── THE DATA

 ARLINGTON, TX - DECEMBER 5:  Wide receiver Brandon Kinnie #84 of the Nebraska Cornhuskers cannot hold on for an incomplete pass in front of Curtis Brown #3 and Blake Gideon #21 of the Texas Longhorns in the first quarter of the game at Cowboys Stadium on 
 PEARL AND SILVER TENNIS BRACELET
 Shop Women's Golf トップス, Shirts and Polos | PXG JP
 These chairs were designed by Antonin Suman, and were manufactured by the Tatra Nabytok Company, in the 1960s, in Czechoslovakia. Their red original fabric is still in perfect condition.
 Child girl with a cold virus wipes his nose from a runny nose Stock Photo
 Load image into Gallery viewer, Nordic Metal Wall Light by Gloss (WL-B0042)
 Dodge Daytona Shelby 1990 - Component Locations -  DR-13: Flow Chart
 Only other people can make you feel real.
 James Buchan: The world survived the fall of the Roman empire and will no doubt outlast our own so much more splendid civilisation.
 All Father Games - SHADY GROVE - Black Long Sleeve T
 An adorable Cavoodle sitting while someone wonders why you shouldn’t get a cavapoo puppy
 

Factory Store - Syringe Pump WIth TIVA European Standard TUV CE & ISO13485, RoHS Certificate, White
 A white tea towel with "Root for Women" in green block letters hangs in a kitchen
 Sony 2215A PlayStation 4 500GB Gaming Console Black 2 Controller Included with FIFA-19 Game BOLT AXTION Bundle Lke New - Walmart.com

────

◆ WORK REQUIRED:
Each entry above, in full, should be output exactly as it reads.

◆ WRITTEN ANSWER:
 ARLINGTON, TX - DECEMBER 5:  Wide receiver Brandon Kinnie #84 of the Nebraska Cornhuskers cannot hold on for an incomplete pass in front of Curtis Brown #3 and Blake Gideon #21 of the Texas Longhorns in the first quarter of the game at Cowboys Stadium on 
 PEARL AND SILVER TENNIS BRACELET
 Shop Women's Golf トップス, Shirts and Polos | PXG JP
 These chairs were designed by Antonin Suman, and were manufactured by the Tatra Nabytok Company, in the 1960s, in Czechoslovakia. Their red original fabric is still in perfect condition.
 Child girl with a cold virus wipes his nose from a runny nose Stock Photo
 Load image into Gallery viewer, Nordic Metal Wall Light by Gloss (WL-B0042)
 Dodge Daytona Shelby 1990 - Component Locations -  DR-13: Flow Chart
 Only other people can make you feel real.
 James Buchan: The world survived the fall of the Roman empire and will no doubt outlast our own so much more splendid civilisation.
 All Father Games - SHADY GROVE - Black Long Sleeve T
 An adorable Cavoodle sitting while someone wonders why you shouldn’t get a cavapoo puppy
 

Factory Store - Syringe Pump WIth TIVA European Standard TUV CE & ISO13485, RoHS Certificate, White
 A white tea towel with "Root for Women" in green block letters hangs in a kitchen
 Sony 2215A PlayStation 4 500GB Gaming Console Black 2 Controller Included with FIFA-19 Game BOLT AXTION Bundle Lke New - Walmart.com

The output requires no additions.